Thursday, March 29, 2018

"Never let a fool kiss you or a kiss fool you." - Joey Adams

A good friend.

I'm here at Ida Culver House, the independent living complex where mom lives. Each of the elevators has frames that hold a sheet of paper announcing various things residents need to know, including special activities for the days ahead. One of those says April is poetry month and lists some of the poetry related events the management has scheduled. The last week of April includes "an examination of women poets from Ireland." In parentheses underneath that line it says, "This will be a literary process, not medical!"
OK, points for a sense of humor.

She would try to KILL me if she knew I was posting this pic but at 95 I *think* I could hold her off.

At 95 mom has good days and bad days, and in this case "good" is relative. Since I arrived it's been mostly bad. She struggles with the effects of some meds she has to take for her congestive heart failure. Today she's spent most of the time in bed asleep and when she's up she's very weak, struggling to do the simplest of things. About 10 a.m. she had a little bit to eat and then went back to bed exhausted from the effort. Up at 2 p.m., a half cup of soup, and a shower. But she moves soooo slowly and with such difficulty.
Hard to witness and it makes me sad for her.

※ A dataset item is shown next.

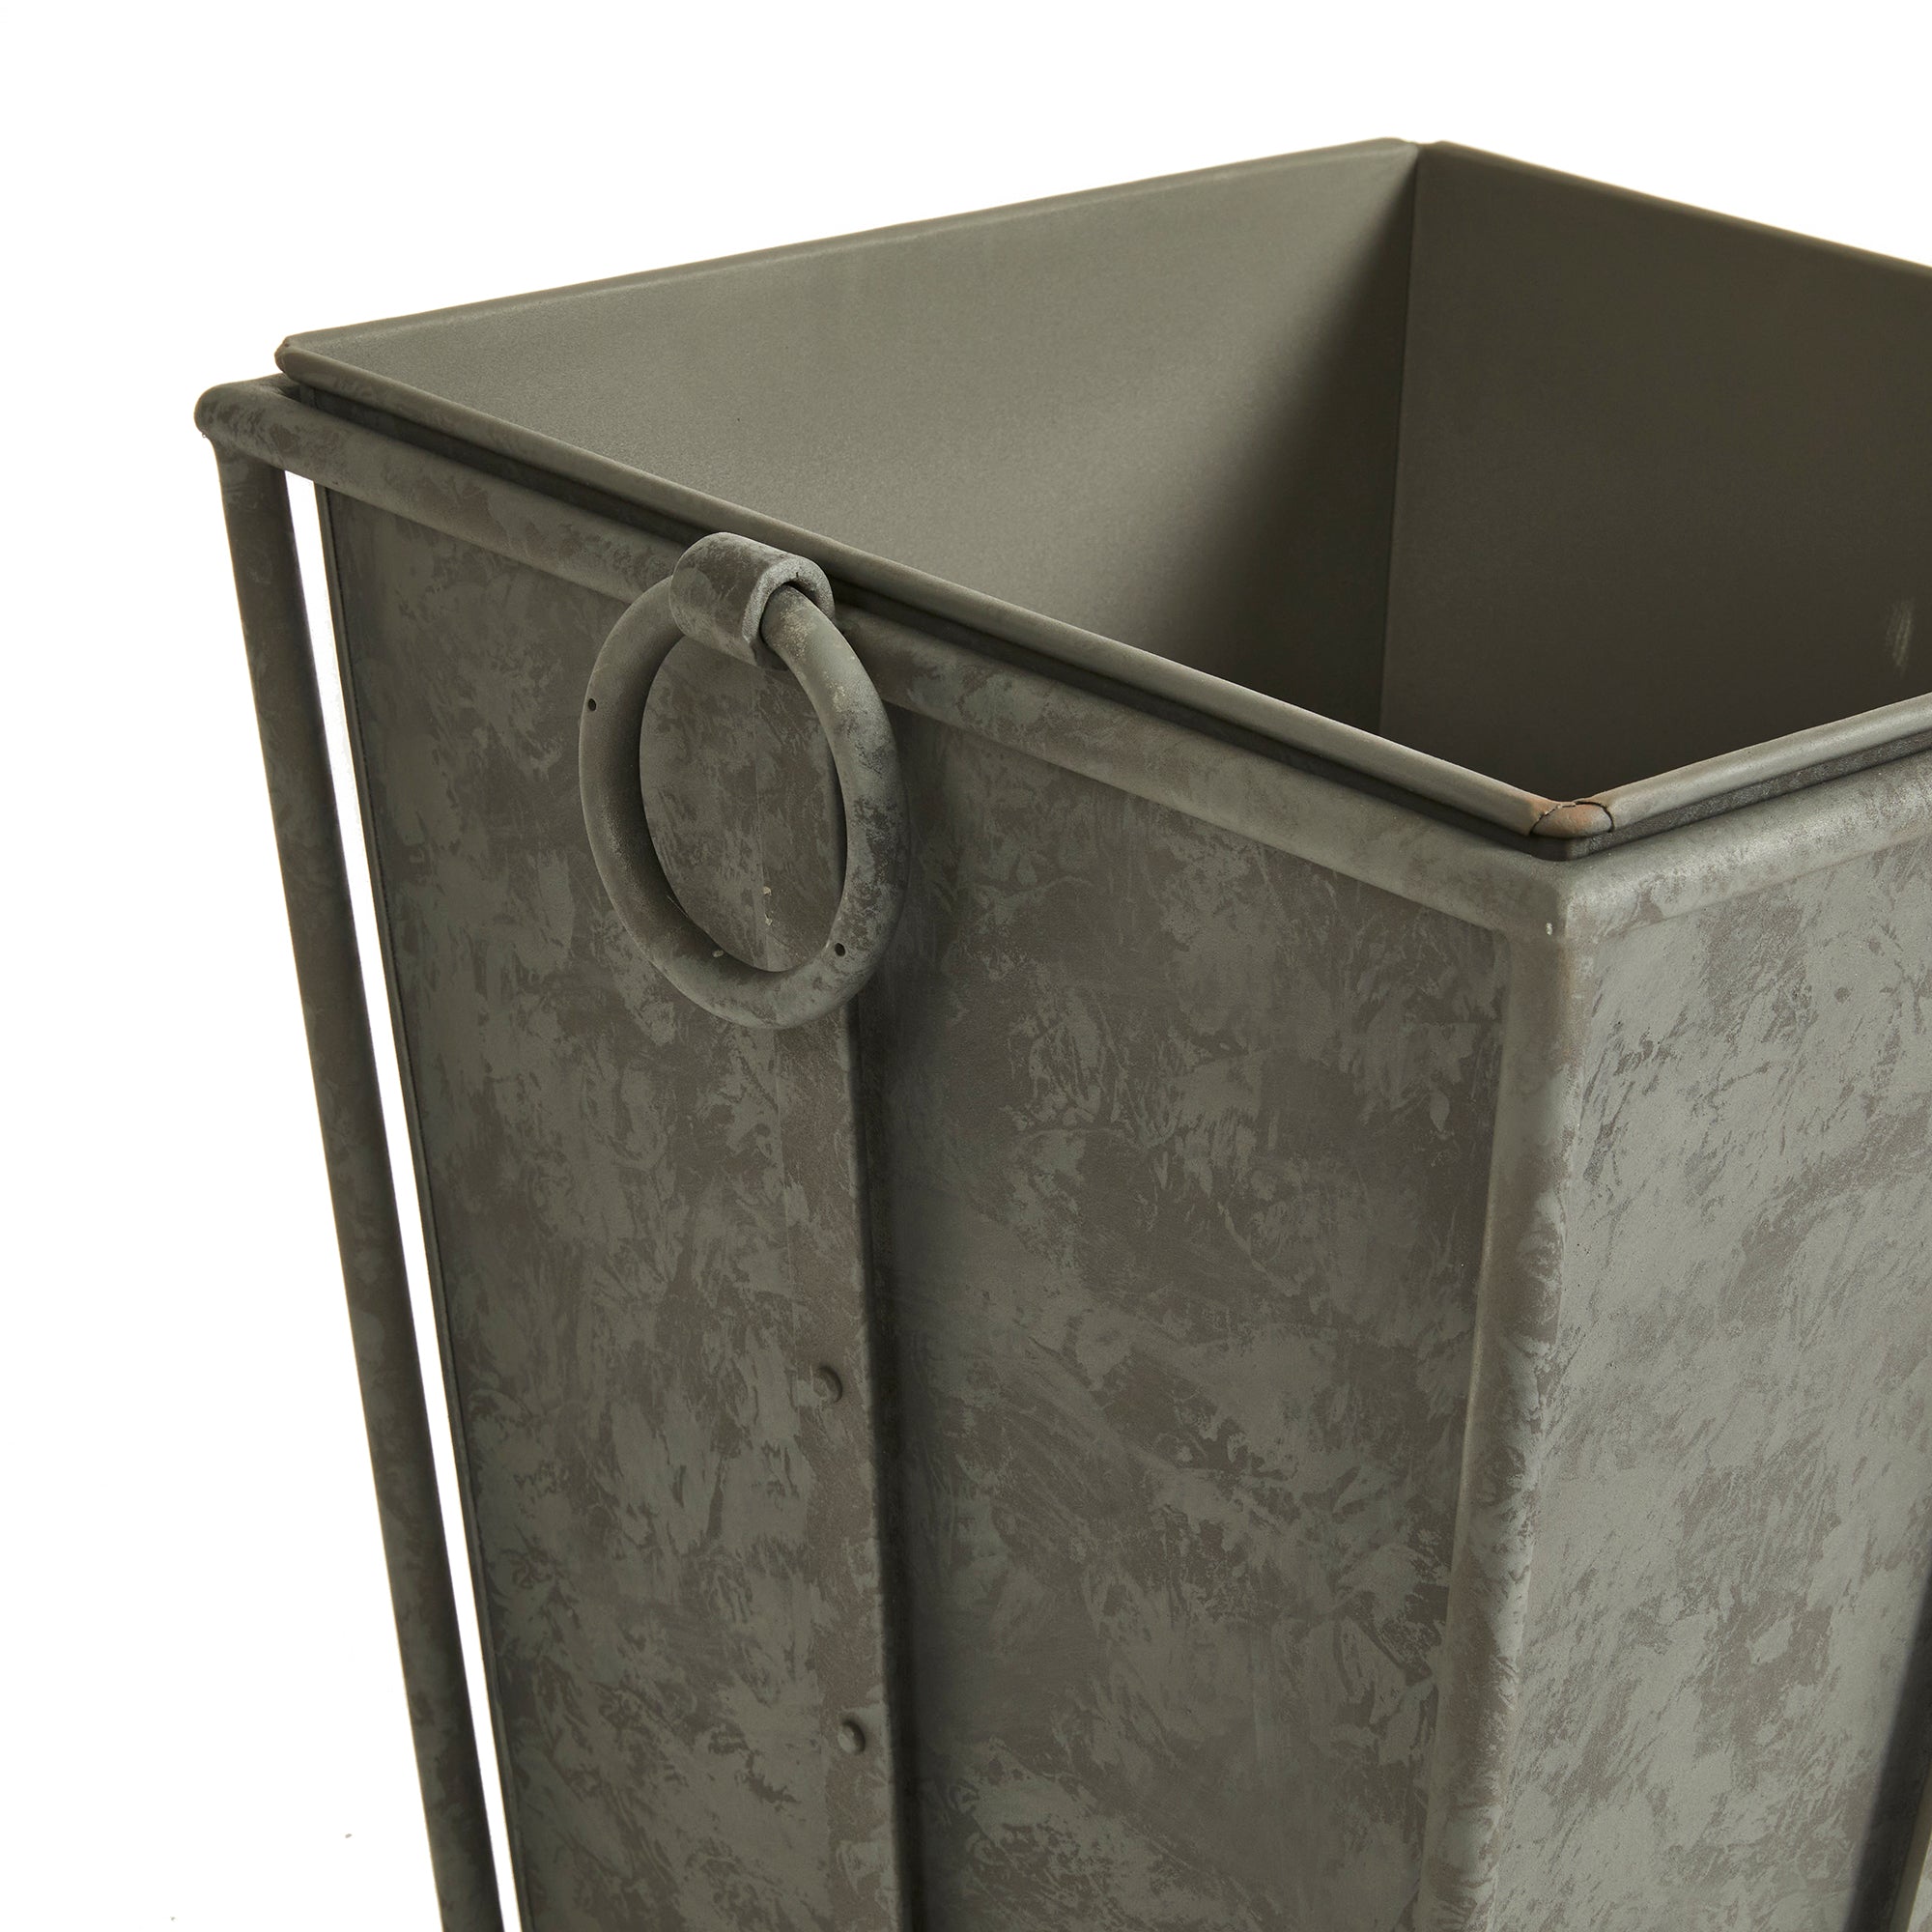 With metal liners that easily slide out, the Callahan Tapered Planter is as practical as it is handsome. The rounded handles and traditional design make it an outdoor classic. Amethyst Home provides interior design, new construction, custom furniture, and area rugs in the Tampa metro area.
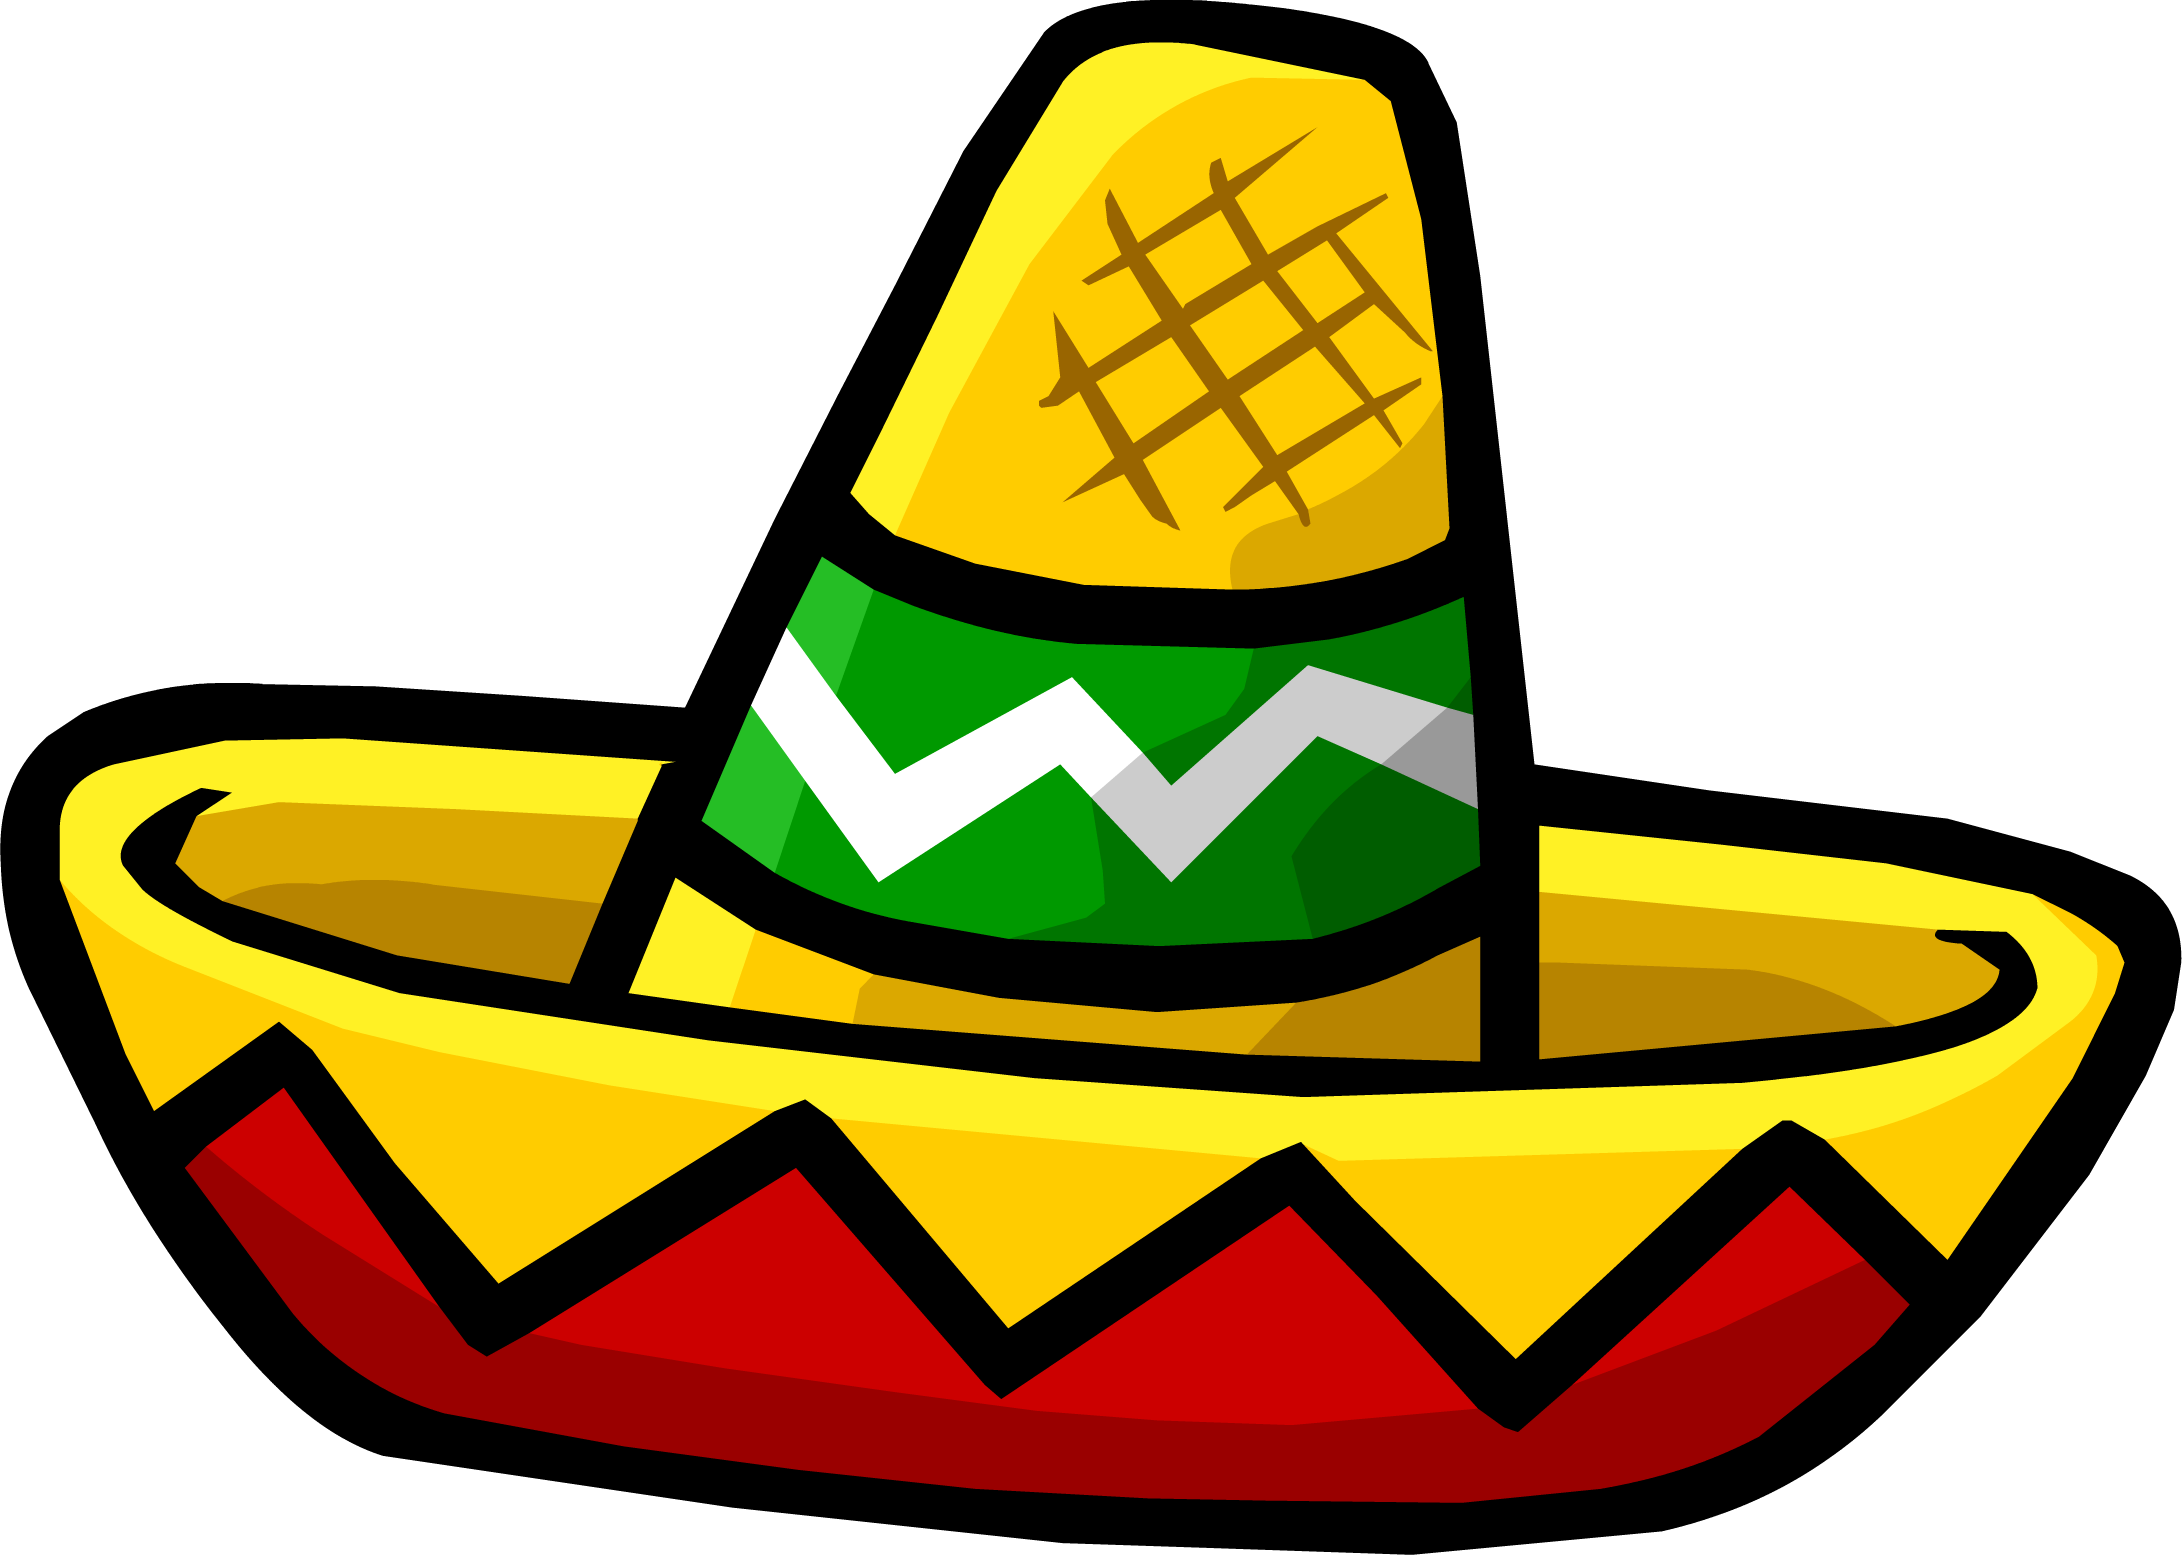 free vector mexican clipart - photo #26

My sermon introduction last Sunday for the sermon on the healing of Naaman the leper in 2 Kings 5 was about stories that you sense have a meaning deeper than the narrative yourself.
Note: I used the same intro for my sermon in NY on the healing of the leper in Mark 1. Guess why.
I went to Jack In the Box for lunch while mom slept and read another two chapters in The Time Machine by H.G. Wells. It's an odd book (are all of his stories like this?) that is almost certainly about something else. I just haven't figured out what that is yet. I'm about 1/4 of the way through so I hope to have some idea soon.

Facebook tells me it was two years ago today that I flew out of Portland for Amsterdam and from there to Dar Es Salaam, Tanzania. Seems farther back than that.

I'll leave when I wake up tomorrow, which probably means about 3 a.m. That should put me in Eugene a little before noon with a stop for b'fast and a brief nap at a rest stop along the way. Pam flies out for Grand Rapids at 5:30 Tuesday morning. Certainly not an ideal schedule but what we need to do with parents at this stage in their lives.

Right now I'm just eager to be home.